■ **PROBLEM STATEMENT**
Leave out the pictures, and copy exactly the lines from the line with "Caesars palace casino" through the last line of the data below.

■ **PROVIDED DATA**

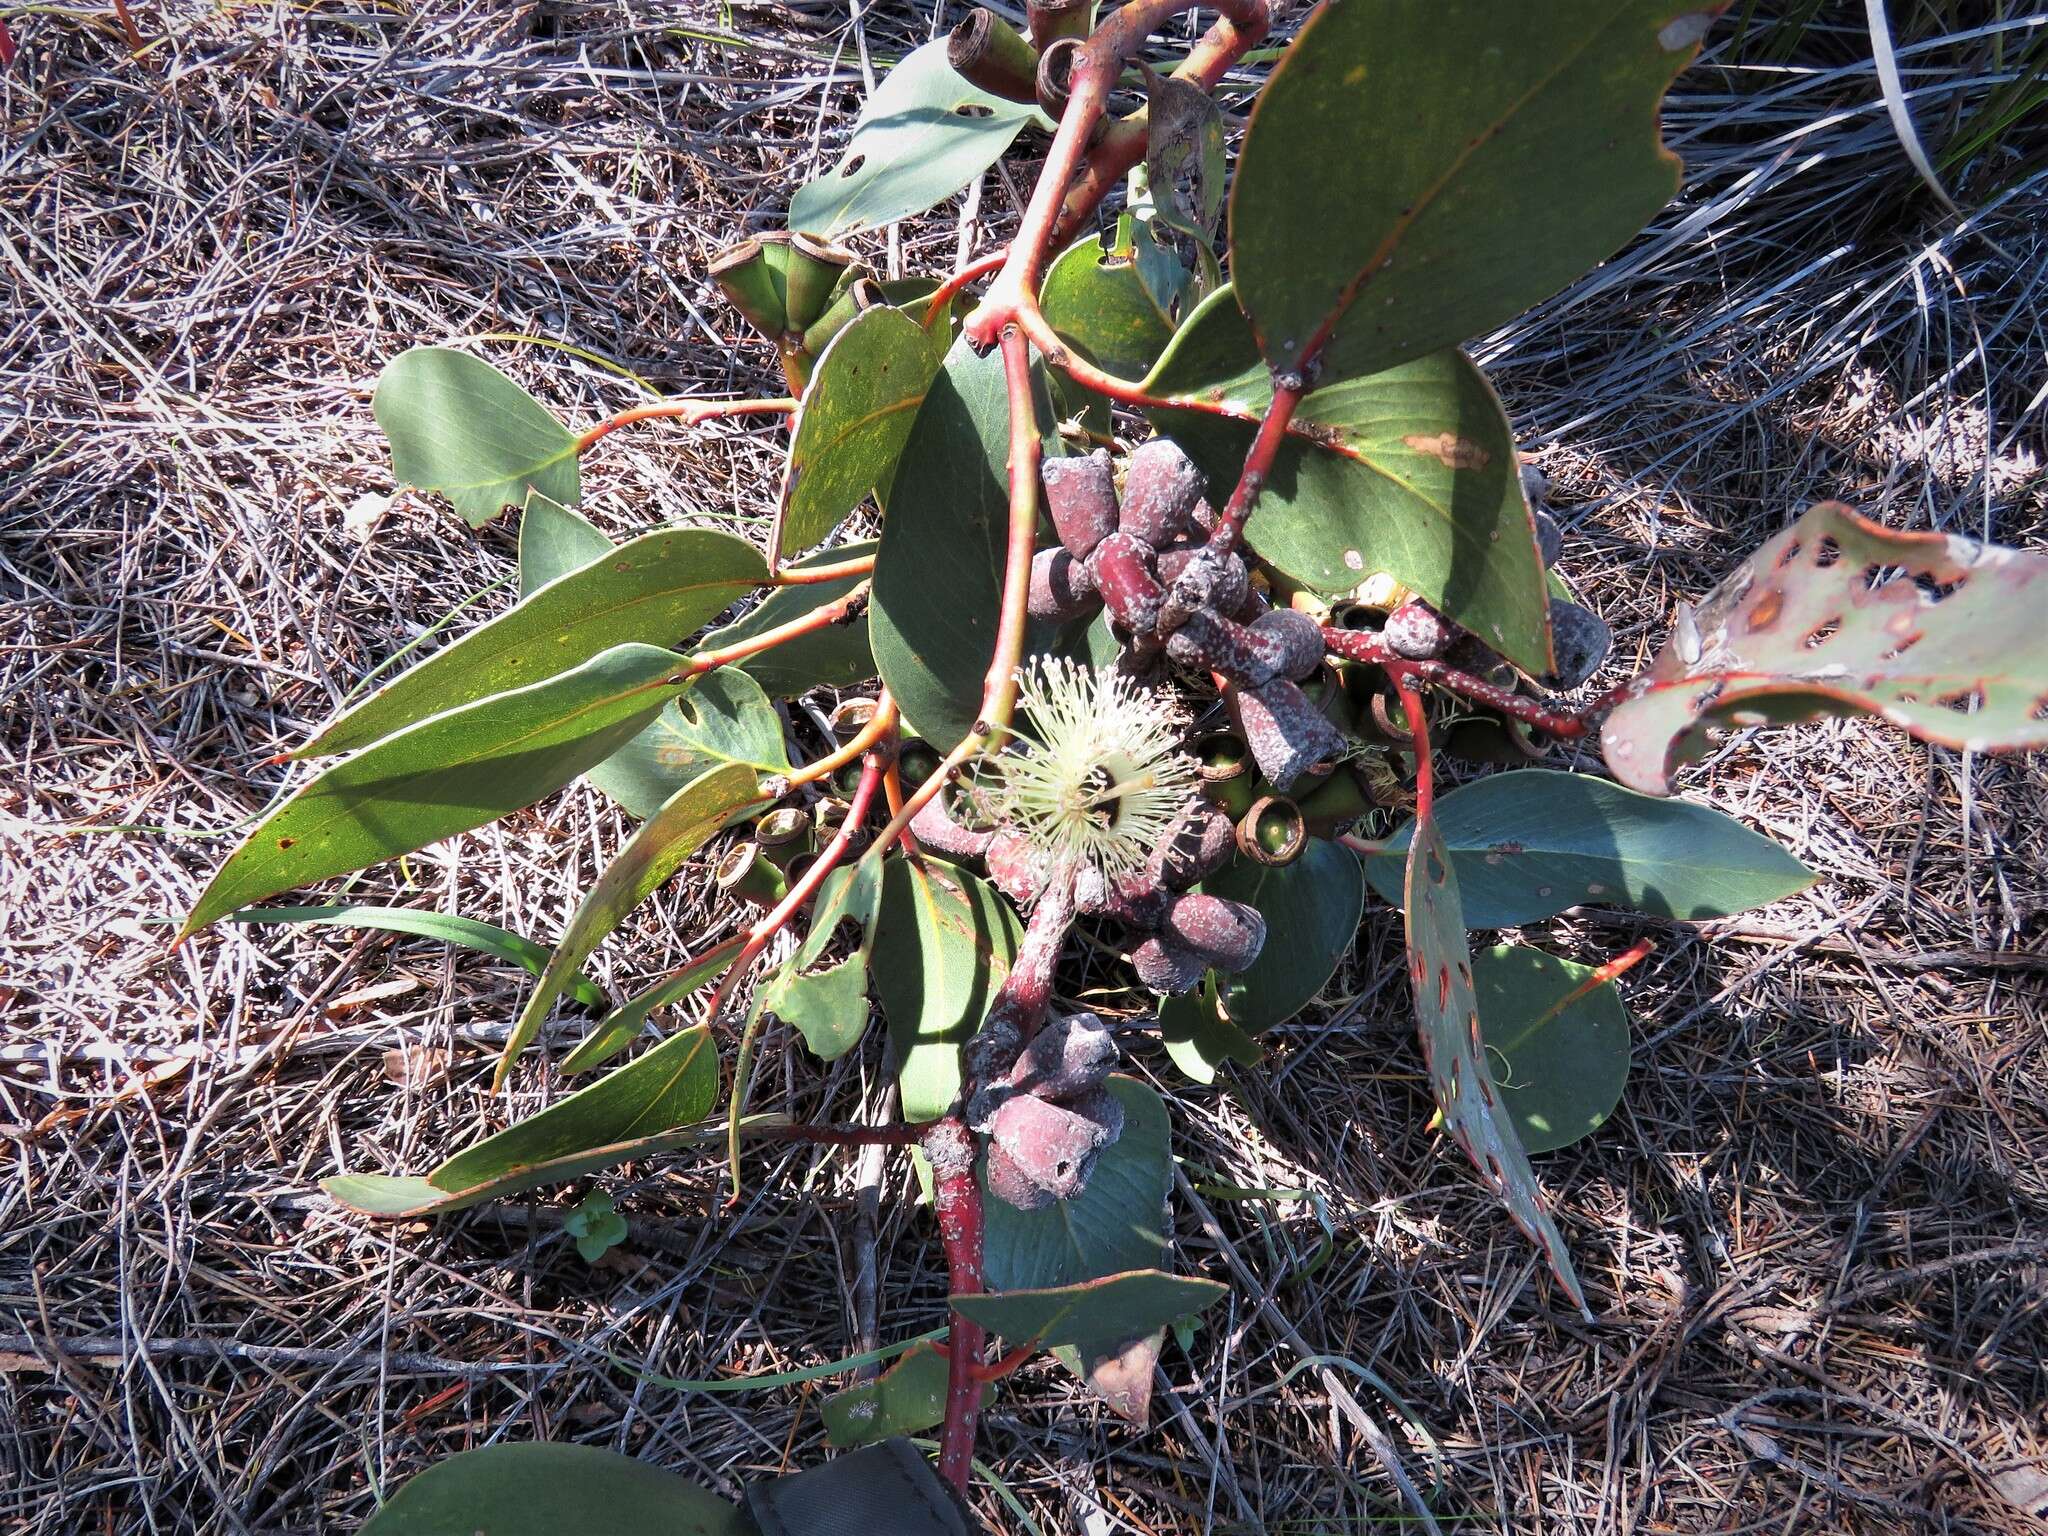 Image of coarse-leaf mallee
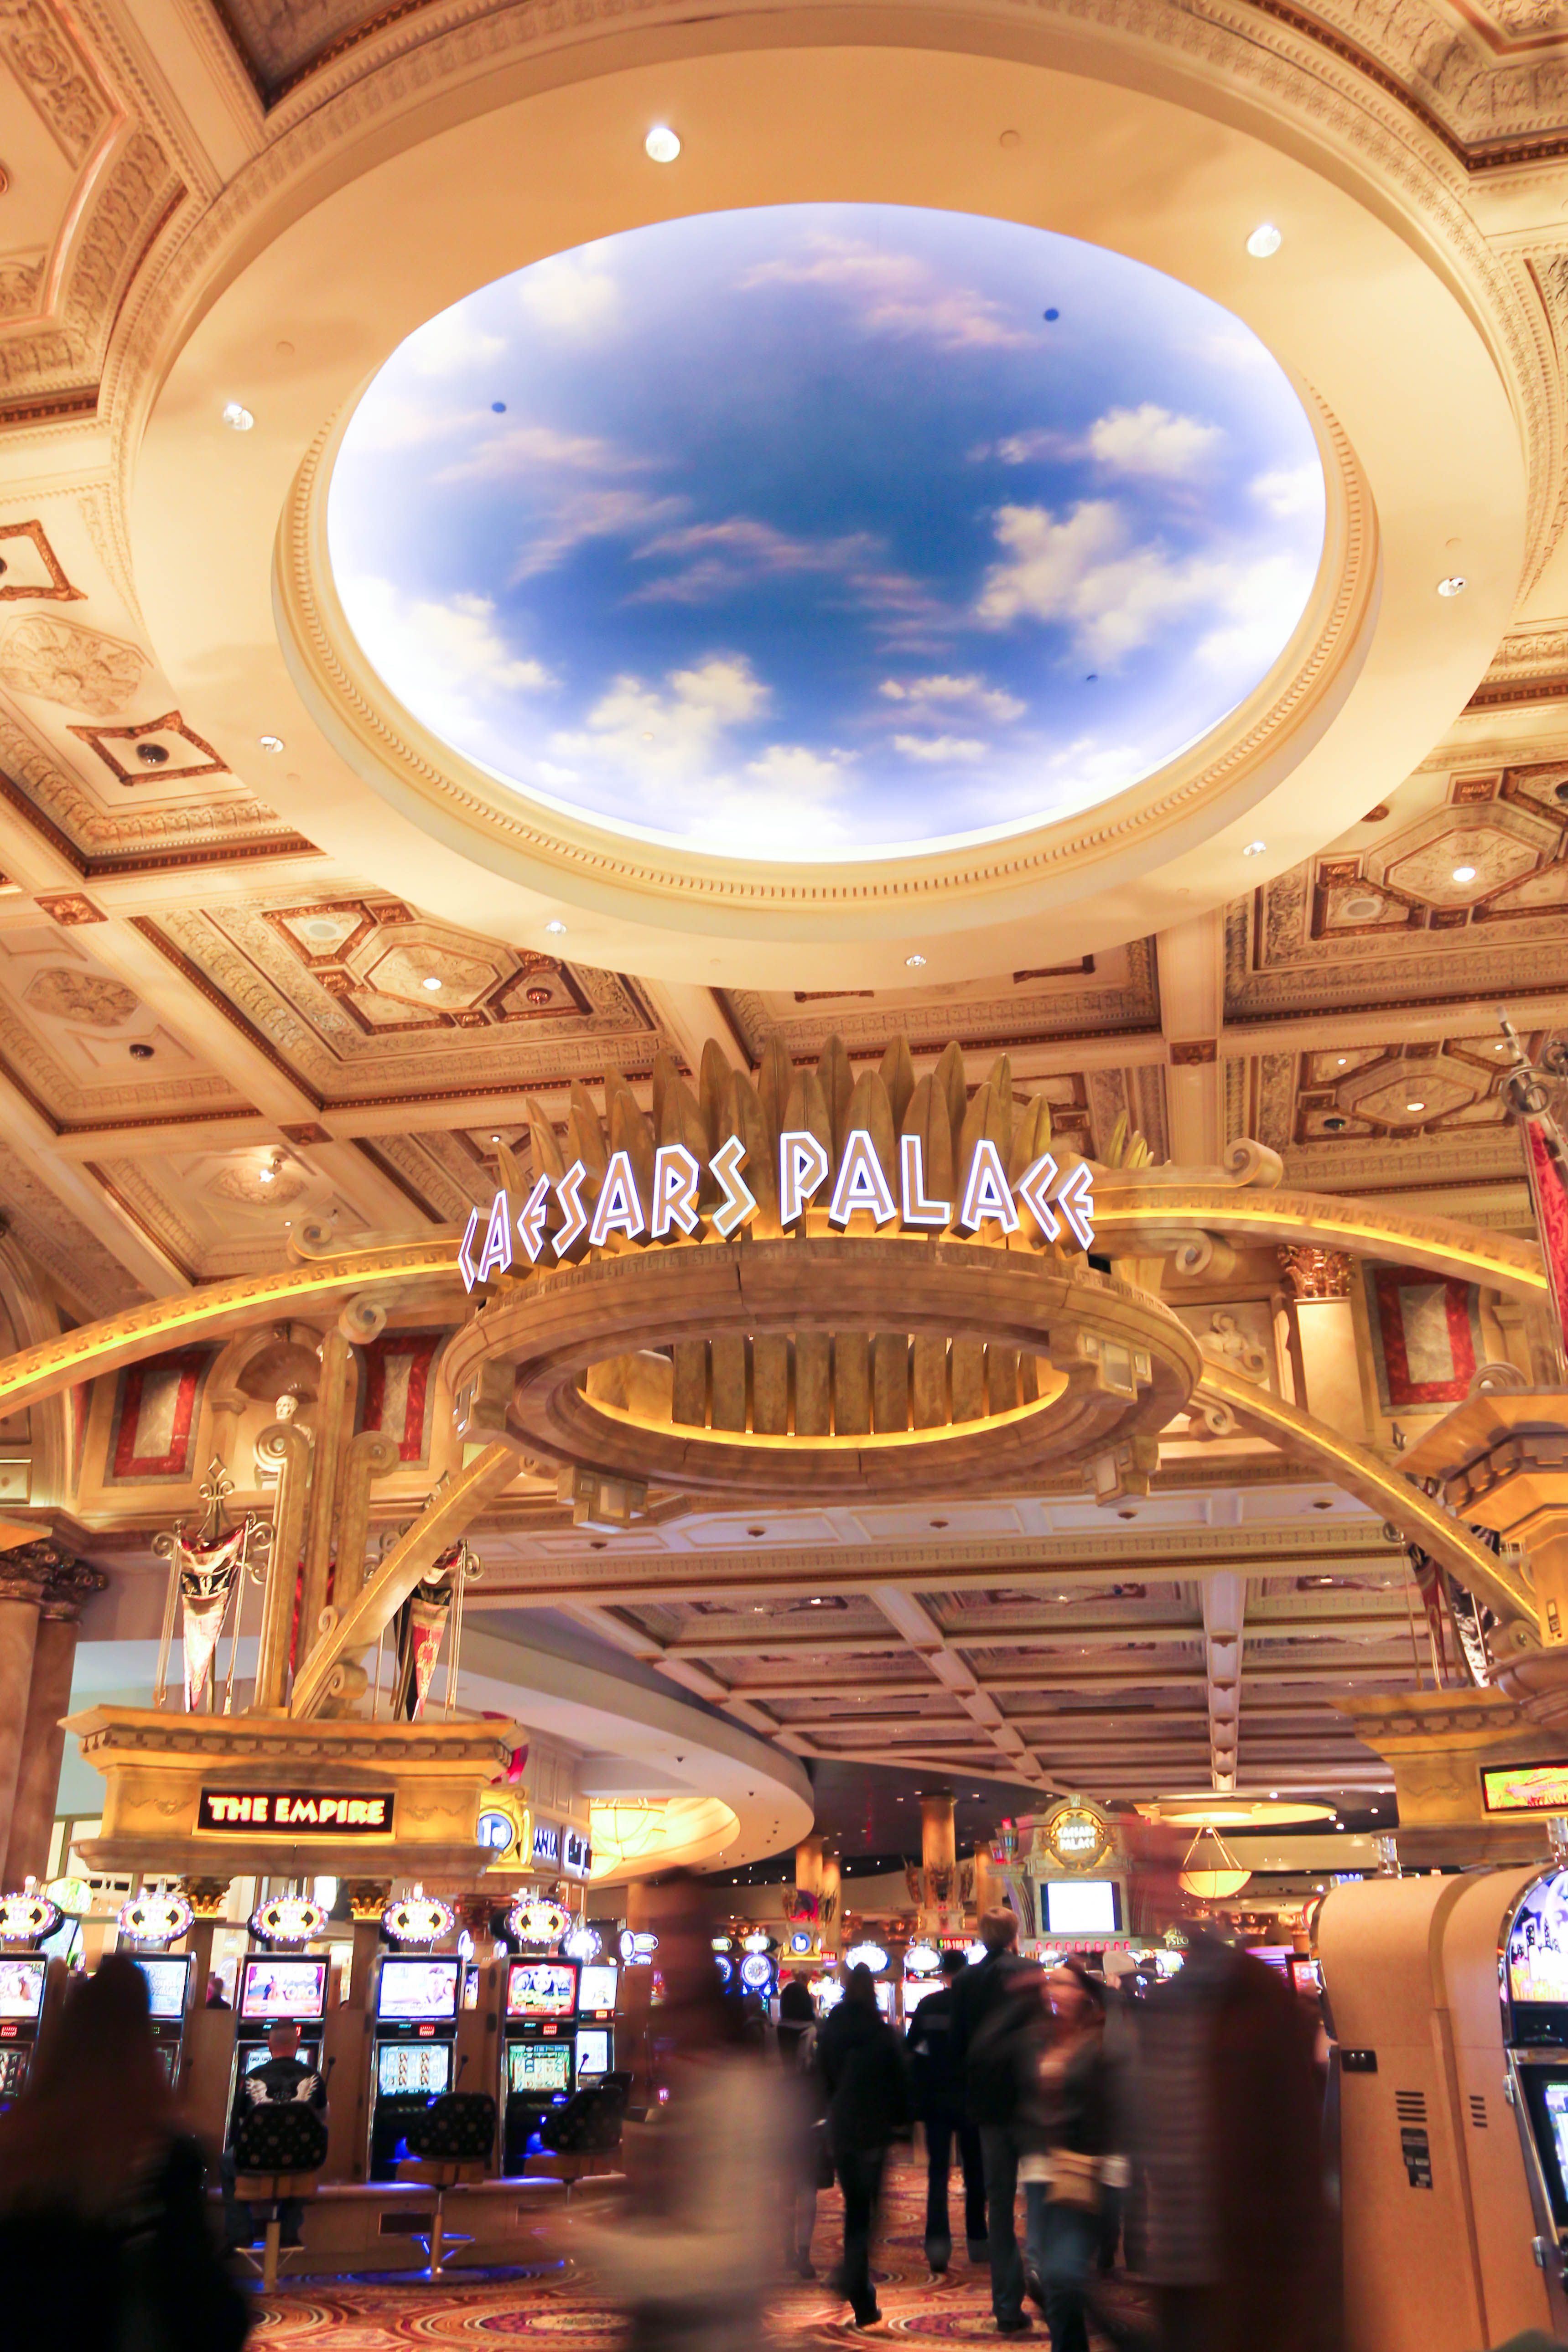 Caesars palace casino
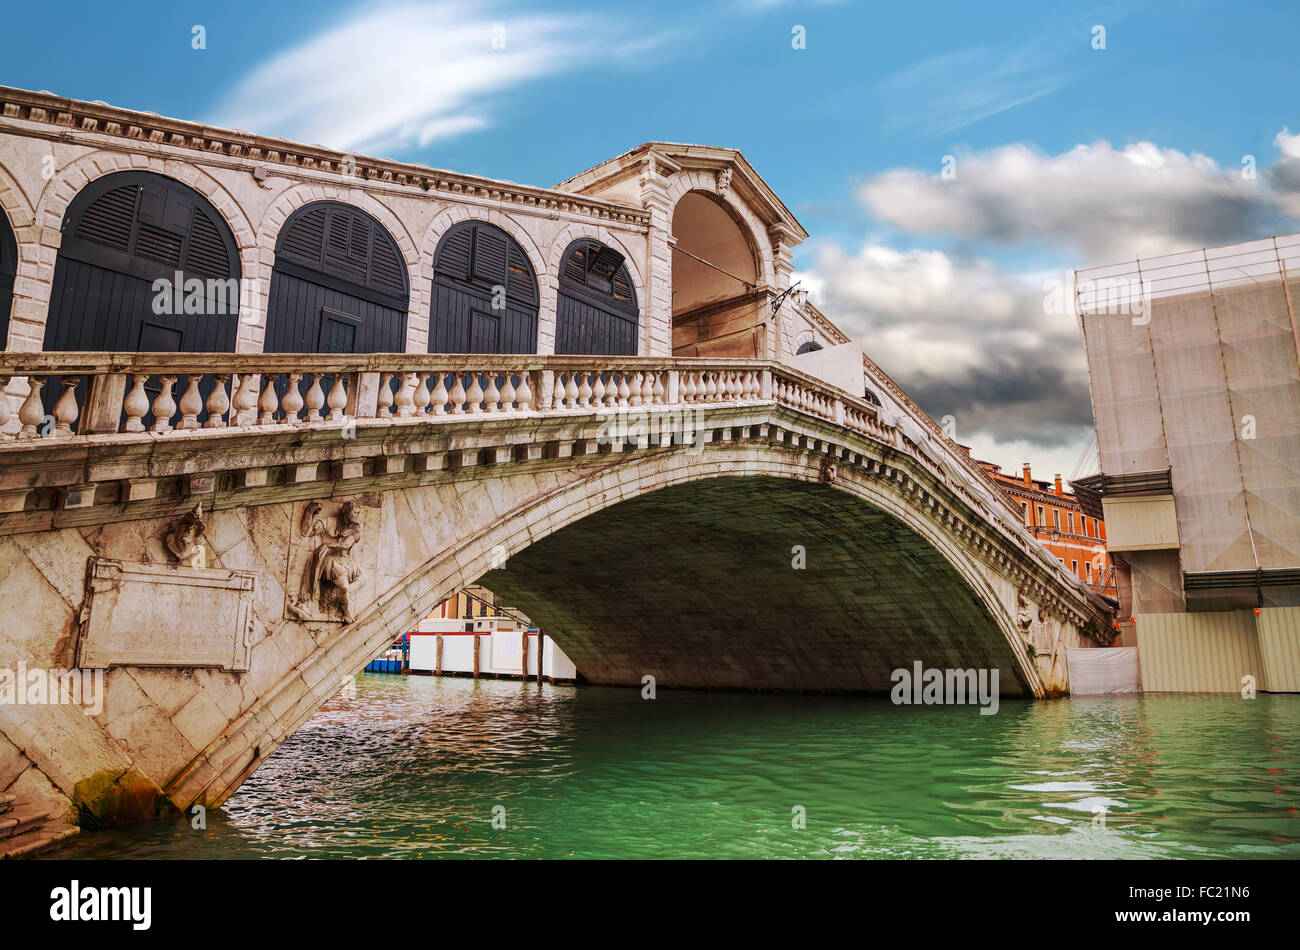 Rialto bridge (Ponte di Rialto) in Venice, Italy Stock Photo

■ **ANSWER AREA**
 Caesars palace casino
 Rialto bridge (Ponte di Rialto) in Venice, Italy Stock Photo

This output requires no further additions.